Having begun his musical apprenticeship at an early age, Berton was hired as a violinist at the Paris Opéra at the age of fifteen.
In 1787, he performed his first work, Les Promesses du mariage, at the Comédie-Italienne (later Opéra-comique). The warm reception it received from the public enabled the young composer to present several other works in the years that followed.
In 1795, he became a professor at the Conservatoire de Musique.
Montano et Stéphanie was a triumph in 1799. His success was confirmed by Aline reine de Golconde in 1803 (later performed in the United States), Le Vaisseau amiral in 1805, Françoise de Foix in 1809 and La Victime des Arts in 1811.
In 1807, Henri Berton took over management of the Opéra-Bouffe and gave the first Paris performance of Wolfgang Amadeus Mozart's The Marriage of Figaro.
From 1810 to 1815, he directed the chorus at the Paris Opéra.
Member of the Institut in 1813, he was made Chevalier de la Légion d'Honneur under the Restoration.
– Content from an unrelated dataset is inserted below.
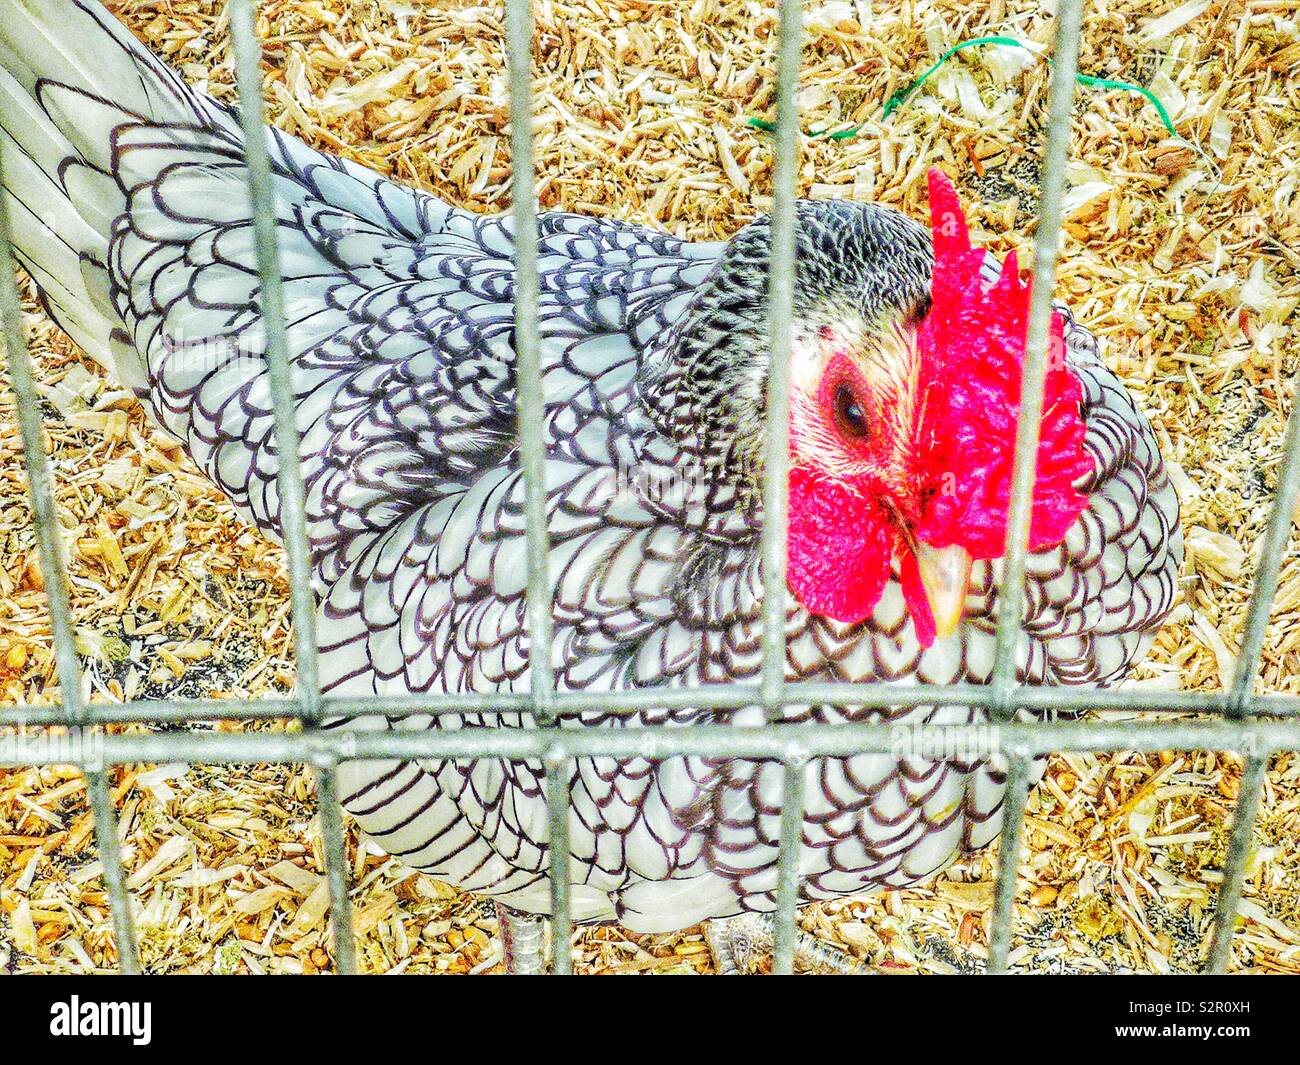 Argento-legare Wyandotte pollo in gabbia Foto Stock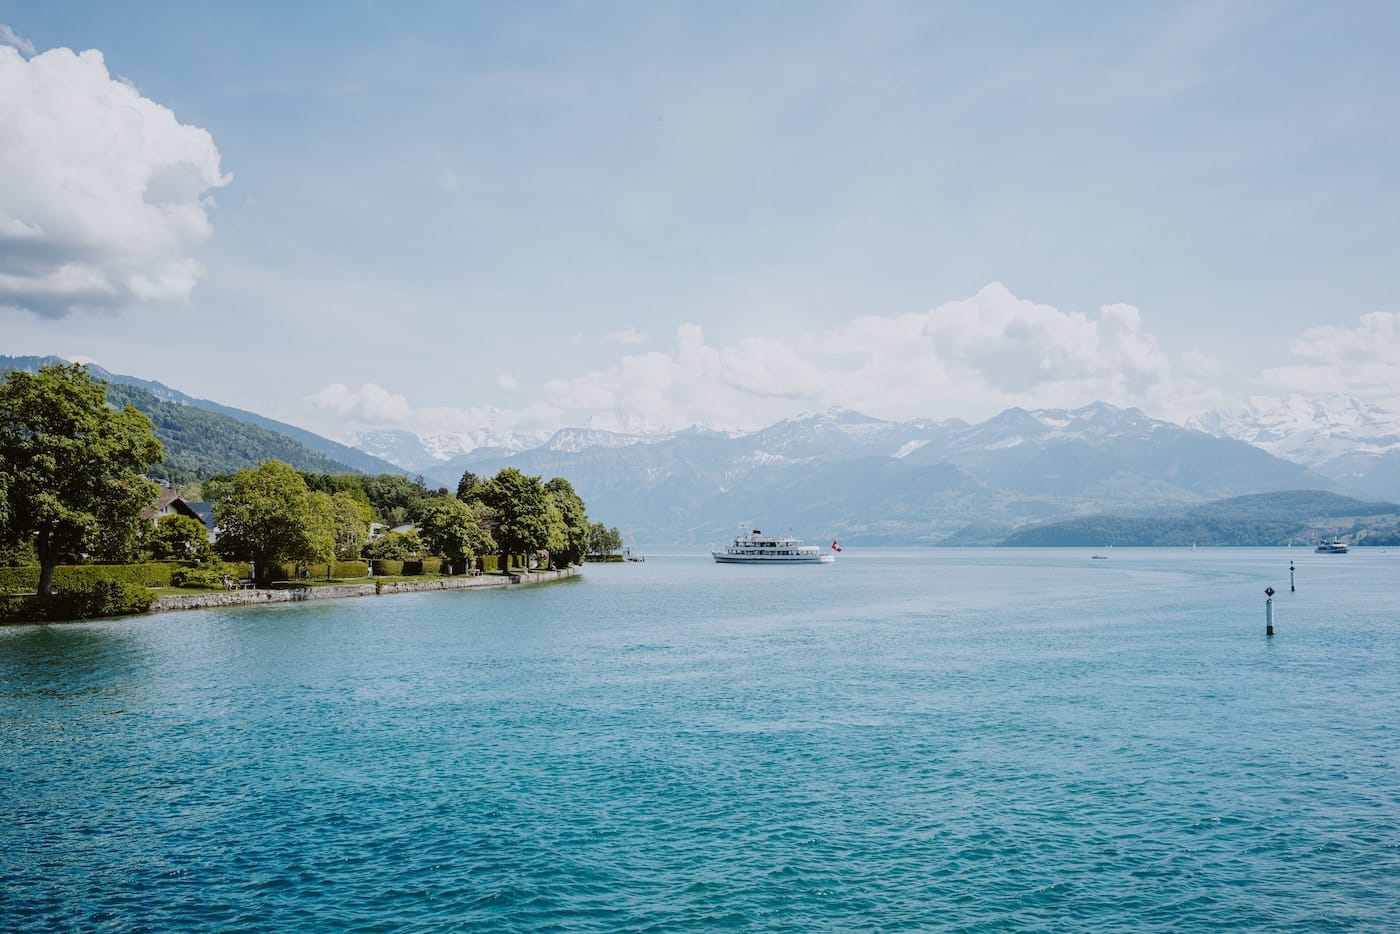 Gratis doen in Zwitserland: ontdek de meren zoals de Thunersee

In 1818, he took over Etienne Méhul's composition class at the Conservatoire.
In 1828, the bankruptcy of the Opéra, to which he had sold the performance rights for his works, dealt a severe blow to his finances.
He died in Paris on April 22, 1844, and is buried in the Père-Lachaise cemetery (13th division).
"Henri Montan Berton". Watercolor engraving after François Dumont (Lunéville 1751 - Paris 1831).

Henri Montan Berton left a Traité de l'harmonie, followed by a Dictionnaire des accords (1815) and Memoirs, published after his death.
Berton was a fierce critic of the music of Hector Berlioz, who repeatedly thwarted his quest for the Prix de Rome, declaring that an academy could not and should not encourage a genre of music like his.